**Exercise objective:**
Nothing but the text should be carried over: reproduce all the data exactly and leave out every image.

**Input data:**
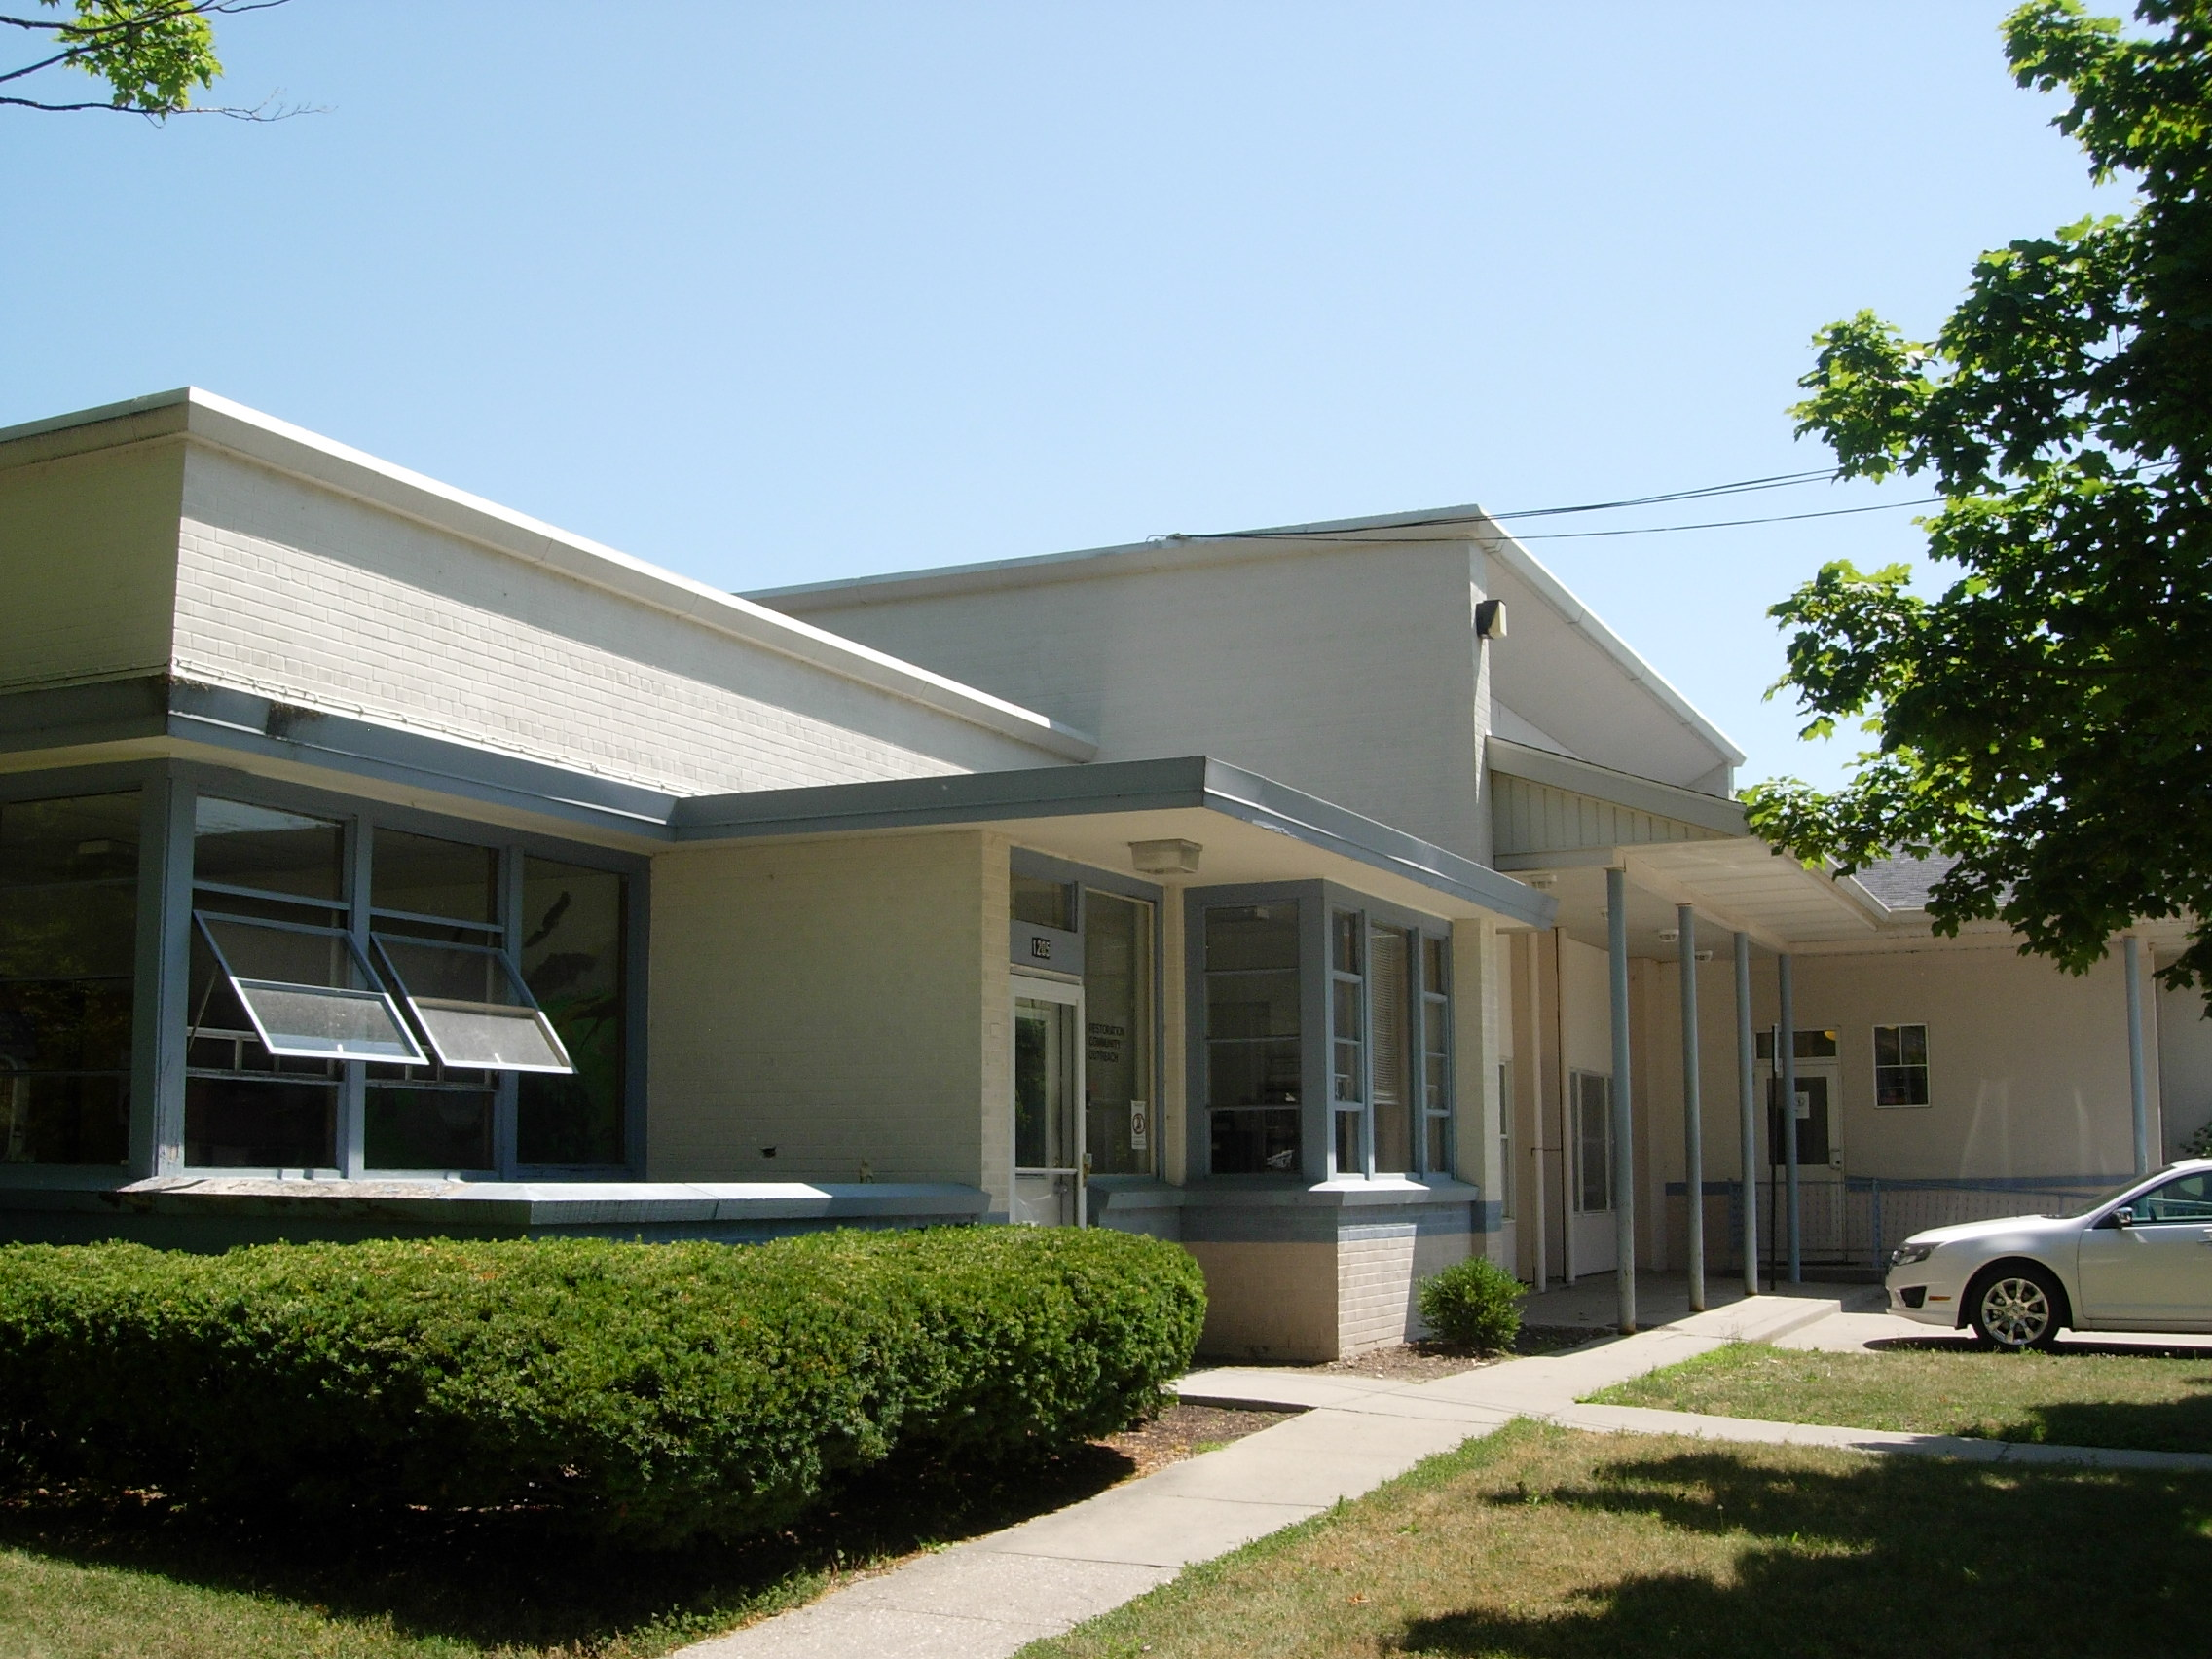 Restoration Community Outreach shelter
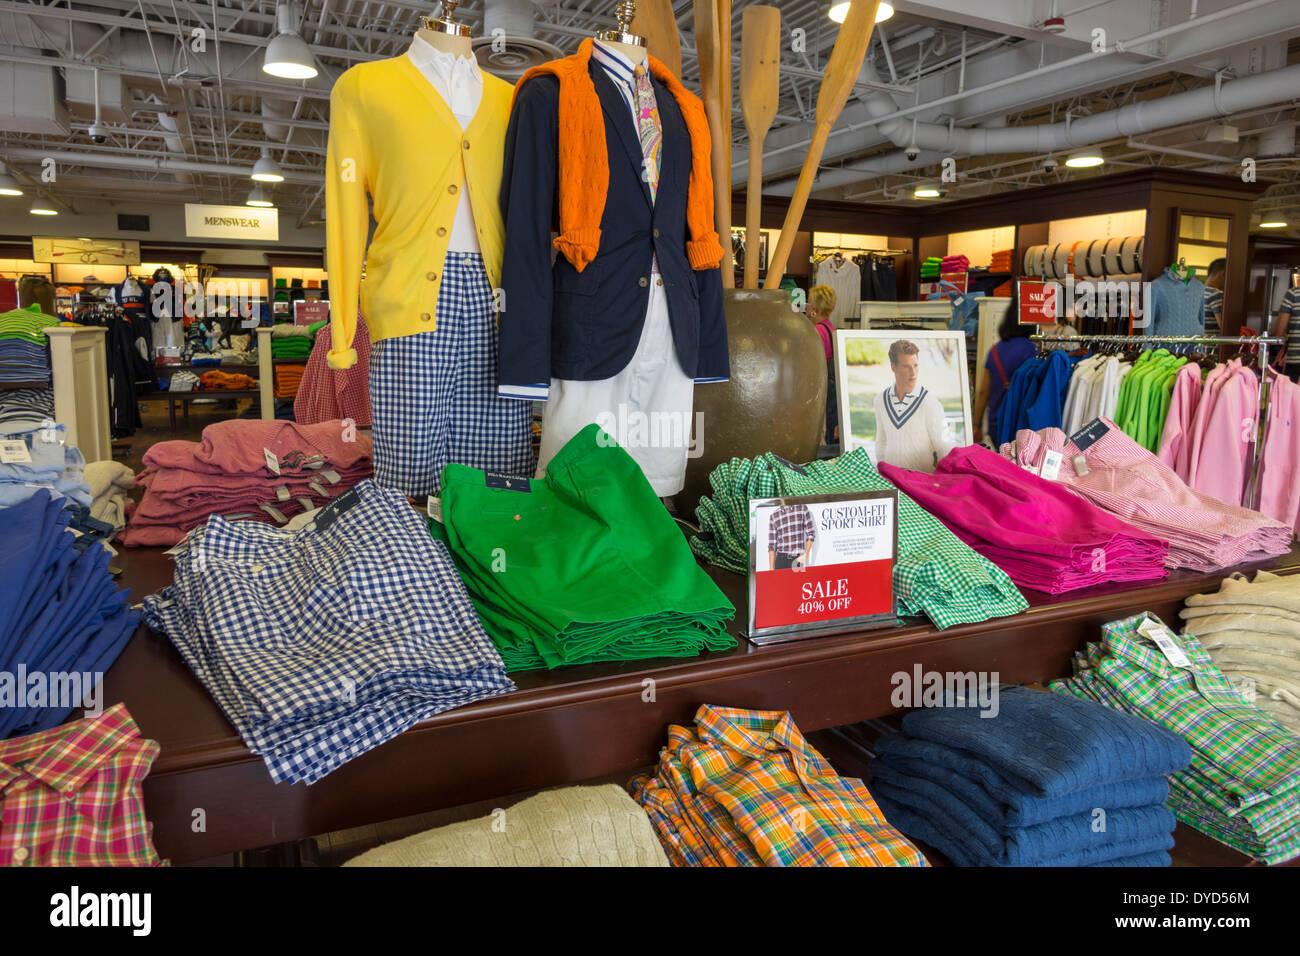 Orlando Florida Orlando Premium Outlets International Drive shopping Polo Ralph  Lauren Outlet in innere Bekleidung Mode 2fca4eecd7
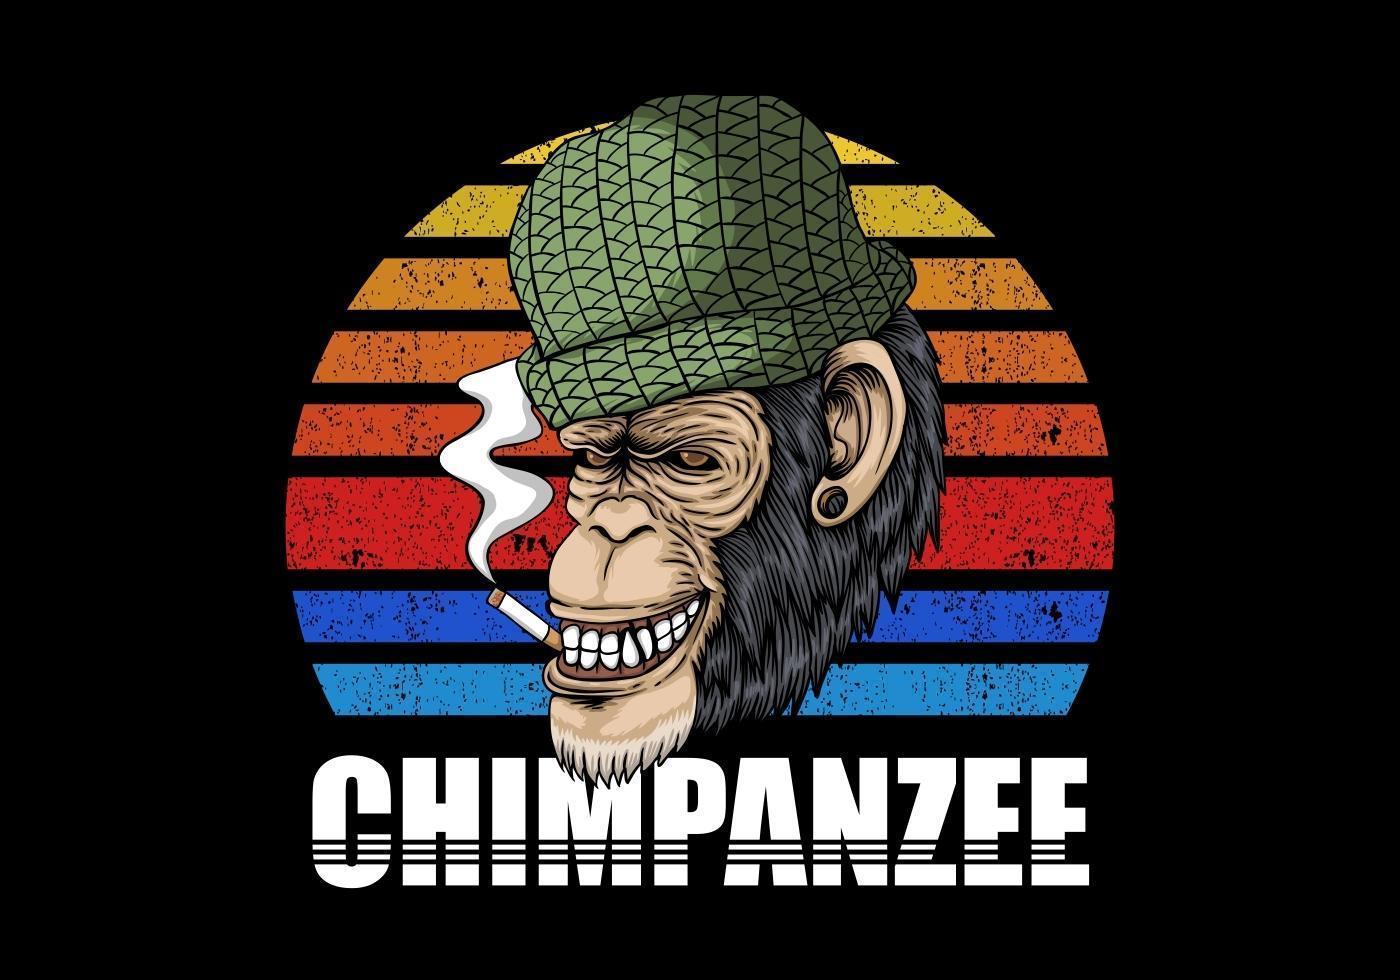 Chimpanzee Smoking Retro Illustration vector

**Your solution:**
 Restoration Community Outreach shelter
 Orlando Florida Orlando Premium Outlets International Drive shopping Polo Ralph  Lauren Outlet in innere Bekleidung Mode 2fca4eecd7
 Chimpanzee Smoking Retro Illustration vector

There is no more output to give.